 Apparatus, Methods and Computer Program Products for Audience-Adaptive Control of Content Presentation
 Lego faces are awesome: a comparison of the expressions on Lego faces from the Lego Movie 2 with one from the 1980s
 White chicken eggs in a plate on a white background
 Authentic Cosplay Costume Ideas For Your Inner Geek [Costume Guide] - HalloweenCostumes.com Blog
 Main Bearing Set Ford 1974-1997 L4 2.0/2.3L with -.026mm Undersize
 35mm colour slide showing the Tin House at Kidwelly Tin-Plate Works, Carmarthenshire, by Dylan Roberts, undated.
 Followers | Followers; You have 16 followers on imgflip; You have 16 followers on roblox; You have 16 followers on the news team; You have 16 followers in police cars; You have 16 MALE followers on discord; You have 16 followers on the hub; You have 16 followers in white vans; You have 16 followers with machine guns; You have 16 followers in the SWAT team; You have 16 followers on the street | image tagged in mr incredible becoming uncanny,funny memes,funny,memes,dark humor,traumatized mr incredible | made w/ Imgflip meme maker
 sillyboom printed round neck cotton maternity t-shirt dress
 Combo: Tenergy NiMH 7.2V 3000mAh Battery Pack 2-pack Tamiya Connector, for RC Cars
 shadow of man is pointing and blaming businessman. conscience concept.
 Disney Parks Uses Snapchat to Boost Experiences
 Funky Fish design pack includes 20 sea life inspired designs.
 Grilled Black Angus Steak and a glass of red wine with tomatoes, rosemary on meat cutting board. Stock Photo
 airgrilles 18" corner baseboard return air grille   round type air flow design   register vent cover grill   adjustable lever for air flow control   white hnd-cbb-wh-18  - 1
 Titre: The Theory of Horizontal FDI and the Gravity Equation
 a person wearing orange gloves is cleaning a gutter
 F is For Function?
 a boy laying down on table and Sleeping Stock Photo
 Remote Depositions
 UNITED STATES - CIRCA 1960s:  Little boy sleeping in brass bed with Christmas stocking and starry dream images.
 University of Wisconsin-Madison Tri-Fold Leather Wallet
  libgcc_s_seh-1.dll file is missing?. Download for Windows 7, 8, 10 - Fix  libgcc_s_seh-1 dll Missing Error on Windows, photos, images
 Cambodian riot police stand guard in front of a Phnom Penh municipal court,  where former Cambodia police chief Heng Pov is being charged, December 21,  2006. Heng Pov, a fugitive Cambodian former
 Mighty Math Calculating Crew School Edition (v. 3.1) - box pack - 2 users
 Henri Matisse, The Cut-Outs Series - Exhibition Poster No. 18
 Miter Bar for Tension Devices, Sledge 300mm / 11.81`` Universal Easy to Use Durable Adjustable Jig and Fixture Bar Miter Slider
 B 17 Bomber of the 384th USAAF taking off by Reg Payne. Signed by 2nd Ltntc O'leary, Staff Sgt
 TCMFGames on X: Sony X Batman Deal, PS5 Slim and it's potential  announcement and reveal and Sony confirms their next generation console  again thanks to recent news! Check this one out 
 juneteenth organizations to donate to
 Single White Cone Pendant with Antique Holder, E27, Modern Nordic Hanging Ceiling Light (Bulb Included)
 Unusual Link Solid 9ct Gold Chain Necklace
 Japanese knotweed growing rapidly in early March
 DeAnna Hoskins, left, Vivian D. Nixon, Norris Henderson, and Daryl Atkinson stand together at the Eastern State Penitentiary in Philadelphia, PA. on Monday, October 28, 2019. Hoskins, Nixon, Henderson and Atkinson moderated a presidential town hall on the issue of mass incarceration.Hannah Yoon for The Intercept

☆ ☆ ☆ ☆ ☆

**REQUIREMENT**.
The lines wanted are those from the one with "Mighty Math Calculating" through the last line of the records, repeated exactly and with both ends included.

**RESULT OF THE EXERCISE**.
 Mighty Math Calculating Crew School Edition (v. 3.1) - box pack - 2 users
 Henri Matisse, The Cut-Outs Series - Exhibition Poster No. 18
 Miter Bar for Tension Devices, Sledge 300mm / 11.81`` Universal Easy to Use Durable Adjustable Jig and Fixture Bar Miter Slider
 B 17 Bomber of the 384th USAAF taking off by Reg Payne. Signed by 2nd Ltntc O'leary, Staff Sgt
 TCMFGames on X: Sony X Batman Deal, PS5 Slim and it's potential  announcement and reveal and Sony confirms their next generation console  again thanks to recent news! Check this one out 
 juneteenth organizations to donate to
 Single White Cone Pendant with Antique Holder, E27, Modern Nordic Hanging Ceiling Light (Bulb Included)
 Unusual Link Solid 9ct Gold Chain Necklace
 Japanese knotweed growing rapidly in early March
 DeAnna Hoskins, left, Vivian D. Nixon, Norris Henderson, and Daryl Atkinson stand together at the Eastern State Penitentiary in Philadelphia, PA. on Monday, October 28, 2019. Hoskins, Nixon, Henderson and Atkinson moderated a presidential town hall on the issue of mass incarceration.Hannah Yoon for The Intercept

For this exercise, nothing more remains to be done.